# [WHAT YOU NEED TO DO]
Among the entries below, find every line that has "Blend" and pull it out.
================
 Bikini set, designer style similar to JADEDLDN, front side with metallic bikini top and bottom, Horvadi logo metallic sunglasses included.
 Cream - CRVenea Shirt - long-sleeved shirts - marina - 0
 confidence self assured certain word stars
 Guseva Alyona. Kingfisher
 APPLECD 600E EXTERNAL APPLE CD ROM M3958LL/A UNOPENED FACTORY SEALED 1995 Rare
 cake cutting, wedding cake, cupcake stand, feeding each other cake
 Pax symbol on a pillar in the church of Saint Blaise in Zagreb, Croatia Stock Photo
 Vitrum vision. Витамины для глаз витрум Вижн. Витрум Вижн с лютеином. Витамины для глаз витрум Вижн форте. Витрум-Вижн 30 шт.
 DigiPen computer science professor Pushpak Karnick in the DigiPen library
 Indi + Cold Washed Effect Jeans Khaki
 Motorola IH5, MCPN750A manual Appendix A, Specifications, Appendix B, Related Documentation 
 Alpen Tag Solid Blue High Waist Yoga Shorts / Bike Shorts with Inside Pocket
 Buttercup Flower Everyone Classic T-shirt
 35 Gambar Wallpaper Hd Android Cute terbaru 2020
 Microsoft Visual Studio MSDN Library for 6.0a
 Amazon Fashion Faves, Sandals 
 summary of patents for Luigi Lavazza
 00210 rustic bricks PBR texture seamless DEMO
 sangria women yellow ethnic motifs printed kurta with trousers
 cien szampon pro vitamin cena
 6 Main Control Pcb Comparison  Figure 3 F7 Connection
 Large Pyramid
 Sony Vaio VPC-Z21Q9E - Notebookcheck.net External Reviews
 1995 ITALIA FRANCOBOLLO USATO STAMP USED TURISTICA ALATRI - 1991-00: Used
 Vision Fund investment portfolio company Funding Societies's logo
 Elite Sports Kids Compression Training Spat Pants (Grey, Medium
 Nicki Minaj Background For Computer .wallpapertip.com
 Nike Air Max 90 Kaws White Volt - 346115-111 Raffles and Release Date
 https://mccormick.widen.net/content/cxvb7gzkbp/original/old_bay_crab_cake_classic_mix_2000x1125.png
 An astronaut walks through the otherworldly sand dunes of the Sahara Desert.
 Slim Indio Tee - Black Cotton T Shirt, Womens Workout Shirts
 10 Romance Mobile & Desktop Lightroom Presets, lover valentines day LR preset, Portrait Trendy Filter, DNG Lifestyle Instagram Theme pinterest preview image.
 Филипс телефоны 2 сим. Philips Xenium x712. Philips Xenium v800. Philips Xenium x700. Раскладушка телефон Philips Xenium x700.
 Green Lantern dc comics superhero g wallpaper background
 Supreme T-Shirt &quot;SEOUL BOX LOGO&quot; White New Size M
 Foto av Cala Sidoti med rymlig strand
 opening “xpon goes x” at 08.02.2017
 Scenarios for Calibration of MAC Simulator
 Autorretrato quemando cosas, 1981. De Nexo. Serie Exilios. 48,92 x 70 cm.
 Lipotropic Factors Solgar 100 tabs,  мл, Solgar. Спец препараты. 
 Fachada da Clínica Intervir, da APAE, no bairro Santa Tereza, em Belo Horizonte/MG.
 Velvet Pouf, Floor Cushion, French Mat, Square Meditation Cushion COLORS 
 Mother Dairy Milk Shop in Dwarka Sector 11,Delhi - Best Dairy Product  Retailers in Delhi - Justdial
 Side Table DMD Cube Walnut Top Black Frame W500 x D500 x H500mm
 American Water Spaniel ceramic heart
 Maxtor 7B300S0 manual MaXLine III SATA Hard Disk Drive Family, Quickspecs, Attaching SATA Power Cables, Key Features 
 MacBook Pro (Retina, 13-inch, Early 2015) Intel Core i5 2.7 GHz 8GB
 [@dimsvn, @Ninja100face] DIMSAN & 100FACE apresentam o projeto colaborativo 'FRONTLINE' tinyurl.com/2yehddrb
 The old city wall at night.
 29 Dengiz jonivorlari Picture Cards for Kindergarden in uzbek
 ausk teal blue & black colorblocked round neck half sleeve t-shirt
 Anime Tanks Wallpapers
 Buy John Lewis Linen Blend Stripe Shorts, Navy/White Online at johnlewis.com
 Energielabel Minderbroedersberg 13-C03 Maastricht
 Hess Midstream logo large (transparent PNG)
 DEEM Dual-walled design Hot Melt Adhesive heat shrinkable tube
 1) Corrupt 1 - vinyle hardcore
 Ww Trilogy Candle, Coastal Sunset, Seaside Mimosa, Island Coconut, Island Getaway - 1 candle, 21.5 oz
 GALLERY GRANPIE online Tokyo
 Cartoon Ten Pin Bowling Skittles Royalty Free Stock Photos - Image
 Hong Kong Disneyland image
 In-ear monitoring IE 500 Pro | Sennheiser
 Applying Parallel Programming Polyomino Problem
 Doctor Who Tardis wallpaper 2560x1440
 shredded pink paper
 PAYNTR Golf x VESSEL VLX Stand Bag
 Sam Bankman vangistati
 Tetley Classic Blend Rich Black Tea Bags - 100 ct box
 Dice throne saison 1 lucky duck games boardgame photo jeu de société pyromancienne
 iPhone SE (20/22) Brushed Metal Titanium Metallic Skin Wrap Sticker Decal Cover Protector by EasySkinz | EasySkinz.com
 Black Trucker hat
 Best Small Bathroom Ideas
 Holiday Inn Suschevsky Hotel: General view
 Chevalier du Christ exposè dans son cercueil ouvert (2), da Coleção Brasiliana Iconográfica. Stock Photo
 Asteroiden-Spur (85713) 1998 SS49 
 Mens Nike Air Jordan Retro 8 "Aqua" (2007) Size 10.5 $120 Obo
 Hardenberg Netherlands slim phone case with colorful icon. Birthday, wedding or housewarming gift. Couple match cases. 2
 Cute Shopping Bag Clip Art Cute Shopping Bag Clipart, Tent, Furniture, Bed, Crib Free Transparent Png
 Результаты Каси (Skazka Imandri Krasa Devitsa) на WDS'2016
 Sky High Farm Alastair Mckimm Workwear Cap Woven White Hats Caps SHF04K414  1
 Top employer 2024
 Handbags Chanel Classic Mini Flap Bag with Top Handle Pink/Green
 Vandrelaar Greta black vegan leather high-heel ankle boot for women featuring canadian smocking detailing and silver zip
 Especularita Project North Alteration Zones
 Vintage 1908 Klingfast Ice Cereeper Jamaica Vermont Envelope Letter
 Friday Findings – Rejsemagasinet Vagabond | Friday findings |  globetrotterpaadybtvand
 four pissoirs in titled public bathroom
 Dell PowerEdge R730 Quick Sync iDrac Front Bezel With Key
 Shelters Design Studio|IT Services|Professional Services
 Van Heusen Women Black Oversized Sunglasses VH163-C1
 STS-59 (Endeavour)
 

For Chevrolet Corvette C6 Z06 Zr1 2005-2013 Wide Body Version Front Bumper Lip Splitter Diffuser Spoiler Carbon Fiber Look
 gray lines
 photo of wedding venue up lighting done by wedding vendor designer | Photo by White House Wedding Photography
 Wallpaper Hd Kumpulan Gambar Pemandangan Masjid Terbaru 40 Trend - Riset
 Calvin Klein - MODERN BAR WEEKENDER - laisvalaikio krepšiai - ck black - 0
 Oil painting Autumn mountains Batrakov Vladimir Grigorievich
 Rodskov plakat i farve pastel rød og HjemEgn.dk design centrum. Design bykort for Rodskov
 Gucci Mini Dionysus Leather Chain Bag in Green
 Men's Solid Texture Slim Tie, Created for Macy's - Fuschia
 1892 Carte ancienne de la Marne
================
# [ANSWER FOR THE TASK]
 Buy John Lewis Linen Blend Stripe Shorts, Navy/White Online at johnlewis.com
 Tetley Classic Blend Rich Black Tea Bags - 100 ct box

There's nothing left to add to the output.